Can cyborg moths bring down terrorists?

By Jonathan Richards
Times Online
May 24, 2007

At some point in the not too distant future, a moth will take flight in the hills of northern Pakistan, and flap towards a suspected terrorist training camp.
But this will be no ordinary moth.

Inside it will be a computer chip that was implanted when the creature was still a pupa, in the cocoon, meaning that the moth’s entire nervous system can be controlled remotely. The moth will thus be capable of landing in the camp without arousing suspicion, all the while beaming video and other information back to its masters via what its developers refer to as a “reliable tissue-machine interface.”

The creation of insects whose flesh grows around computer parts – known from science fiction as ‘cyborgs’ – has been described as one of the most ambitious robotics projects ever conceived by the Defense Advanced Research Projects Agency (Darpa), the research and development arm of the US Department of Defense.
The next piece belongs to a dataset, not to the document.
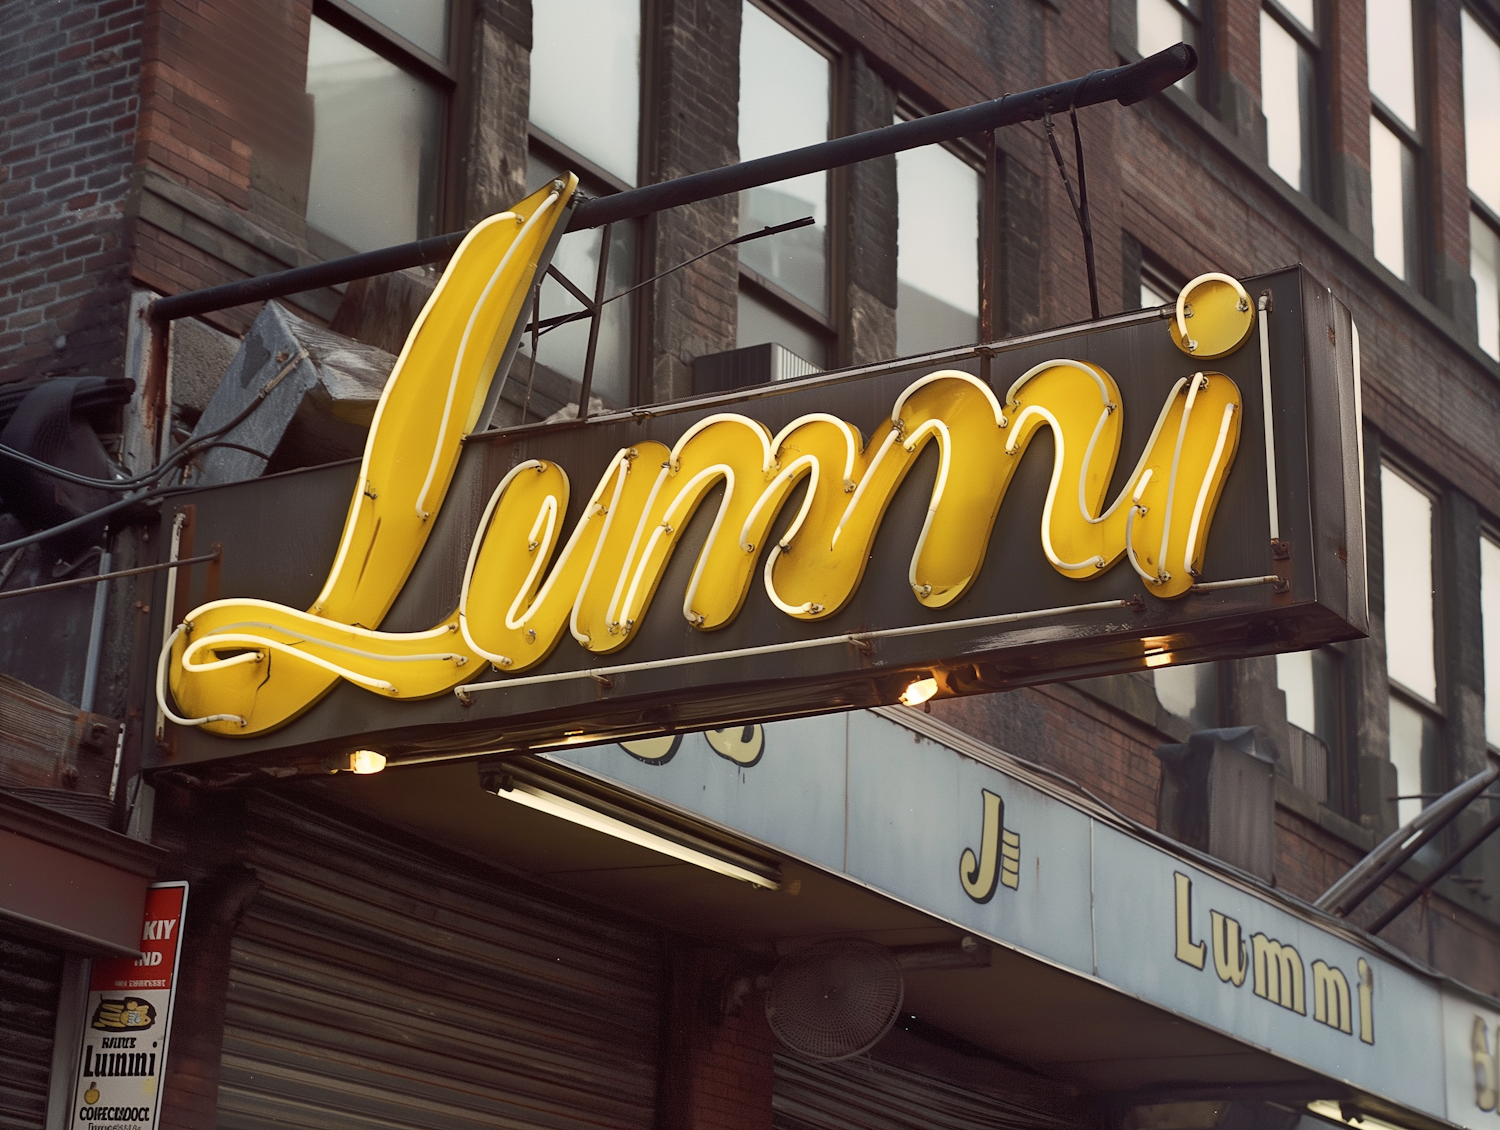 Lummi Neon Sign in Urban Setting

Rod Brooks, director of the computer science and artificial intelligence lab at Massachusetts Institute of Technology (MIT), which is involved with the research, said that robotics was increasingly at the forefront of US military research, and that the remote-controlled moths, described by DARPA as Micro-Electro-Mechanical Systems, or MEMS, were one of a number of technologies soon to be deployed in combat zones.
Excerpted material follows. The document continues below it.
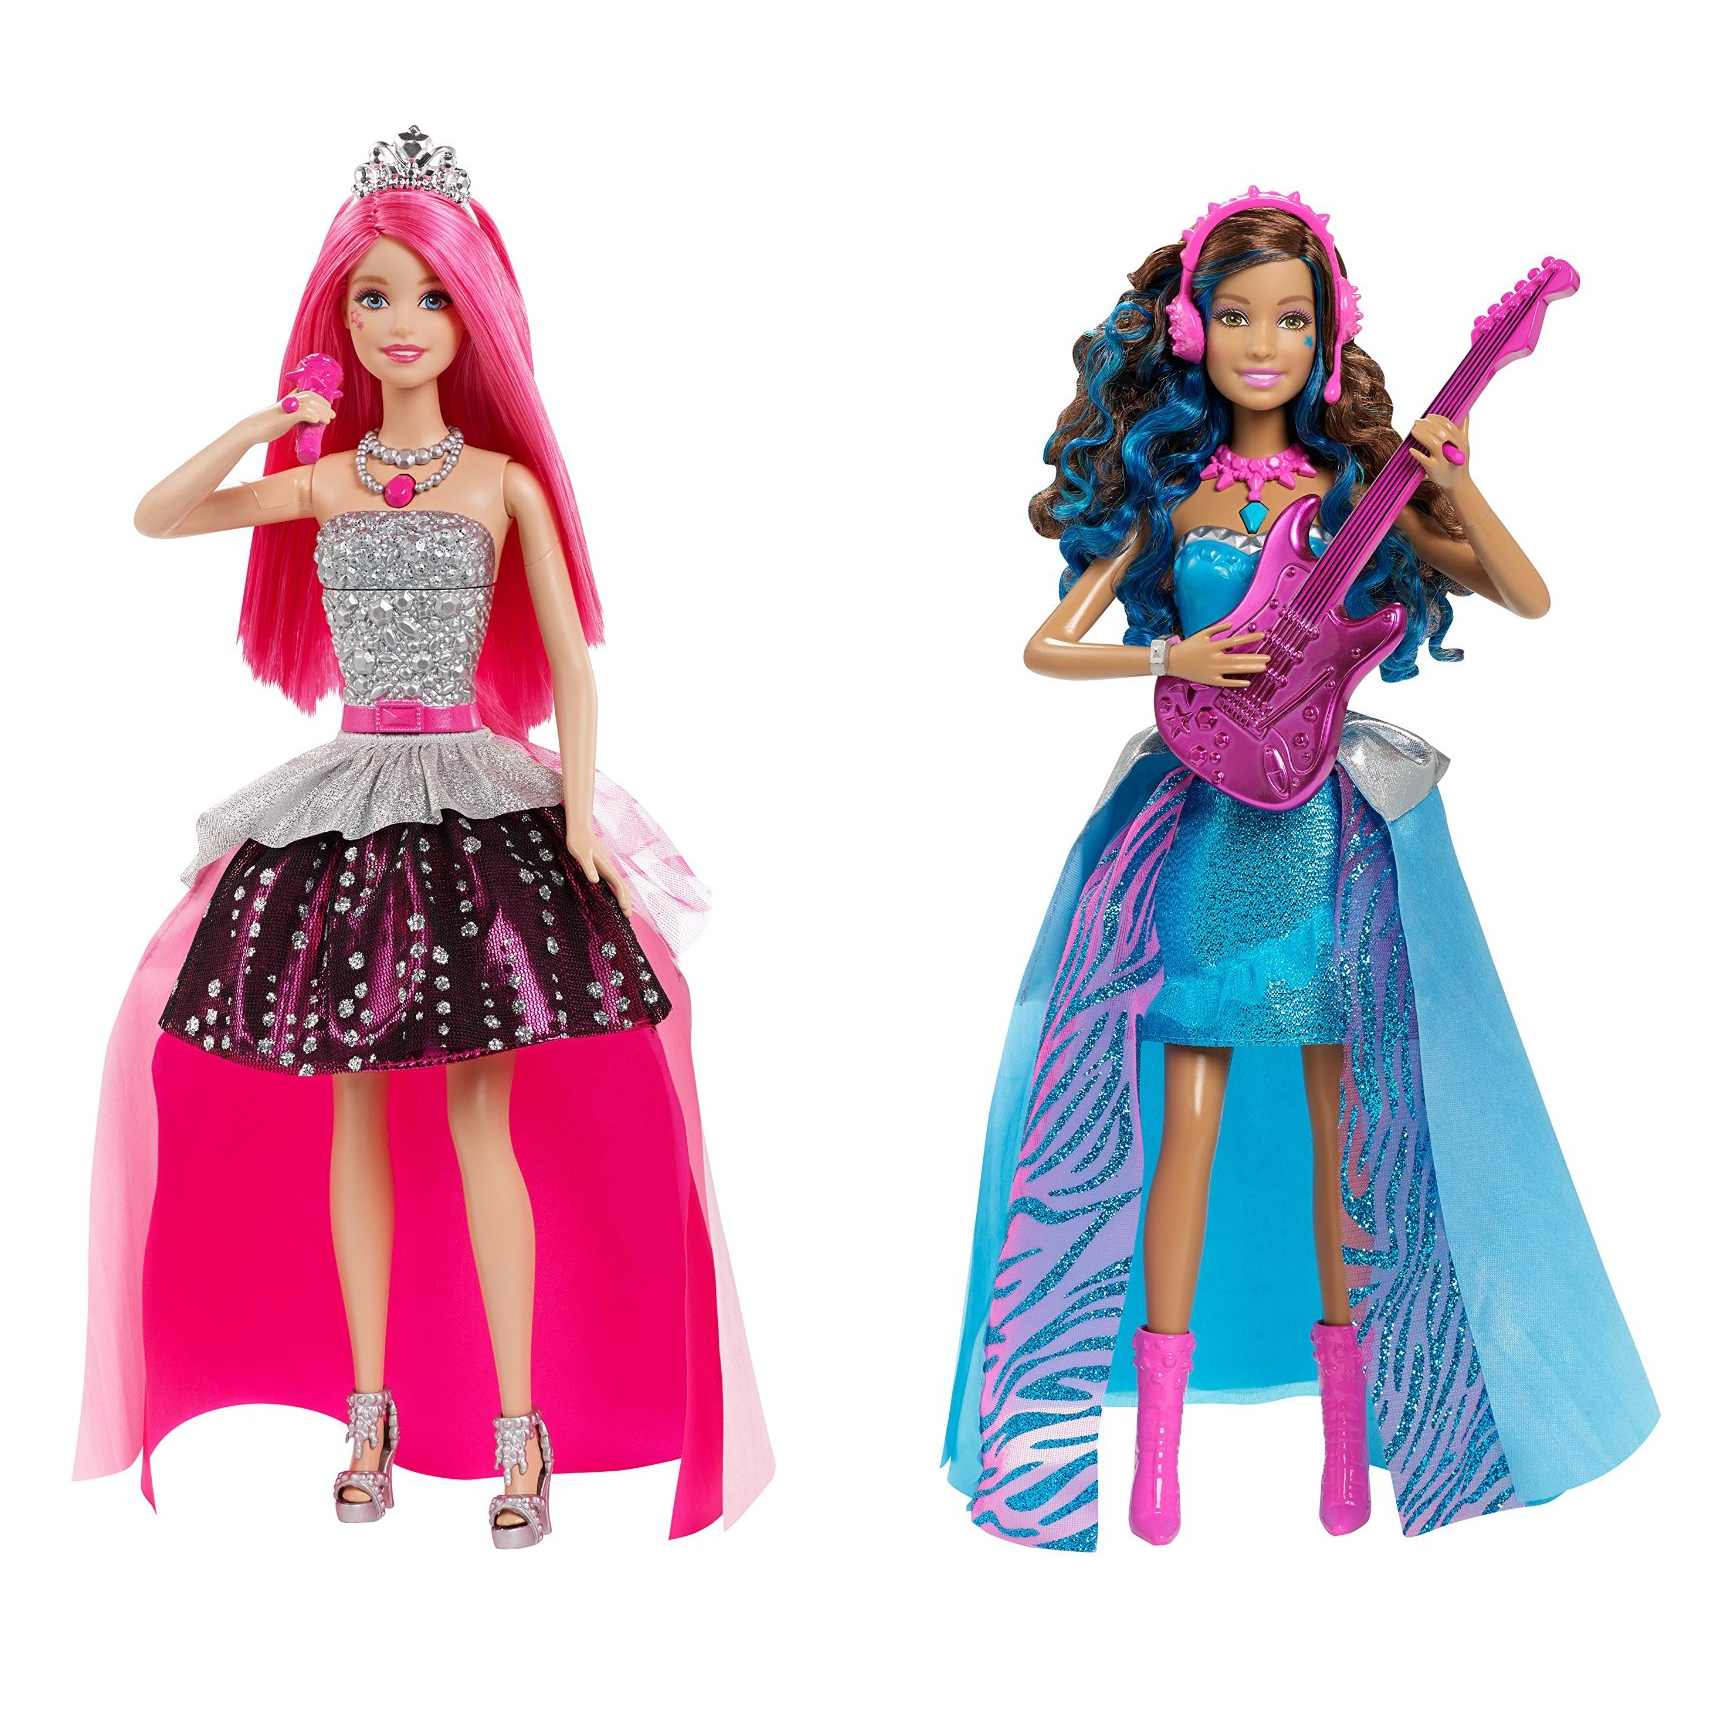 Barbie Rock ‘N royals Singing Erika & Singing Courtney Starting at $10.20!

“This is going to happen," said Mr Brooks. "It’s not science like developing the nuclear bomb, which costs billions of dollars. It can be done relatively cheaply.”
“Moths are creatures that need little food and can fly all kinds of places," he continued. "A bunch of experiments have been done over the past couple of years where simple animals, such as rats and cockroaches, have been operated on and driven by joysticks, but this is the first time where the chip has been injected in the pupa stage and ‘grown’ inside it.
“Once the moth hatches, machine learning is used to control it.”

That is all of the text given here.